Виктория. Иди скорей ко мне! Ничего больше не бойся!
Стоны и проклятия звучат еще громче, Диего озирается словно безумный и убегает.
Виктория. О! Одиночество!
Хор женщин. Мы хранительницы! Эта история выше нашего понимания, и мы ждем, когда она кончится. Мы будем хранить нашу тайну до зимы, до часа свободы, когда крики мужчин смолкнут и наши мужчины вернуться к нам, чтобы обрести то, без чего не могут обойтись: память о свободных морях, о пустынном летнем небе и вечном запахе любви. А пока мы подобны опавшим листьям под сентябрьским ливнем: минуту они кружат в воздухе, потом капли прибивают их к земле. Мы тоже прибиты к земле. Поникнув, мы ждем, когда стихнут боевые кличи, и слушаем, как внутри нас тихо вздыхает неторопливый прибой счастливых морей. Когда облетевшие миндальные деревья покроются цветами инея, мы слегка распрямимся, почувствовав первый ветер надежды, и вскоре воспрянем в этой второй весне. Тогда те, кого мы любим, двинутся к нам, как прилив к застрявшим в прибрежном песке лодкам. Остро пахнущие морем, скользкие от воды и соли, лодки встречают приближение первых волн, которые, покачивая, приподнимают их и постепенно выносят на широкий морской простор. Ах, пусть поднимется ветер
Темнота.
Освещается набережная. Входит Диего и окликает кого-то, глядя в сторону моря.
Диего. Э-ге-ге!
Голос. Э-ге-ге!
Появляется Лодочник; над гранитом набережной видна только его голова.
Диего. Что ты перевозишь?
Лодочник. Провизию.
Диего. Ты снабжаешь город?
Лодочник. Нет. Город снабжает администрация. Карточками, разумеется. А я снабжаю молоком и хлебом. Там, в открытом море, стоят на якоре корабли. На них укрылись от чумы люди. Я вожу в город их письма и доставляю на корабли провизию.

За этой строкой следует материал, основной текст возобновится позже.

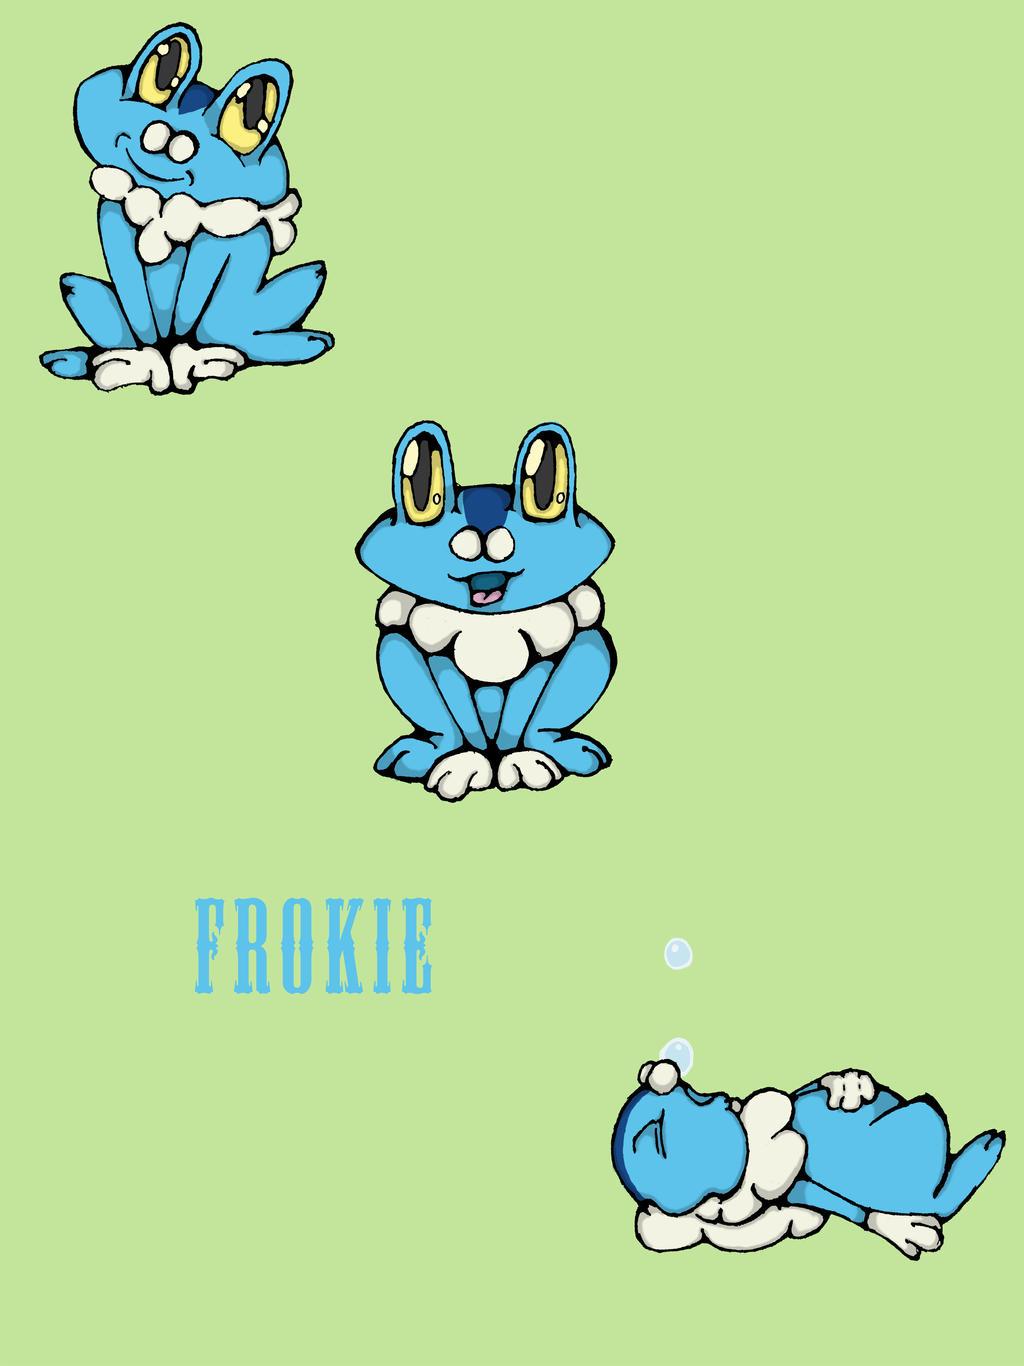 Frokie by Jazwind

Диего. Но это же запрещено!
Лодочник. Да, запрещено администрацией. Но я не умею читать, а когда глашатаи объявляли о новом законе, я был в море.
Диего. Возьми меня с собой.
Лодочник. Куда?
Диего. В море. На корабль.
Лодочник. Это запрещено!
Диего. Но ты же не читал закона и не слышал, когда его оглашали на улицах.
Лодочник. Это запрещено не администрацией, а теми, кто укрылся на кораблях. Вы ненадежный.
Лодочник. Это запрещено не администрацией, а теми, кто укрылся на кораблях. Вы ненадежный.
Диего. Что значит ненадежный?
Лодочник. Вы можете принести их с собой.
Диего. Кого принести?
Лодочник. Тише! (Оглядывается по сторонам.) Микробов, конечно.
Диего. Я заплачу сколько надо.
Лодочник. Не уговаривайте меня. Я слабохарактерный.
Диего. Любые деньги!
Лодочник. А вы отвечаете за последствия?
Диего. Разумеется!
Лодочник. Садитесь. На море спокойно.
Диего собирается спрыгнуть в лодку. За его спиной появляется Секретарша.
Секретарша. Никуда вы не поплывете!
Диего. Что?
Секретарша. Это не положено. К тому же, я вас знаю, вы не сбежите.
Диего. Никто меня не остановит!
Секретарша. Мне стоит только захотеть! А я хочу, потому что вы мой должник. Вы же знаете, кто я такая!
Она отступает на несколько шагов назад, как бы маня его за собой. Он следует за ней.
Диего. Умереть пустяк. Но умереть запятнанным
Секретарша. Понимаю вас. Я ведь только исполнительница. Однако мне даны на вас права. Право вето, если угодно. (Листает блокнот).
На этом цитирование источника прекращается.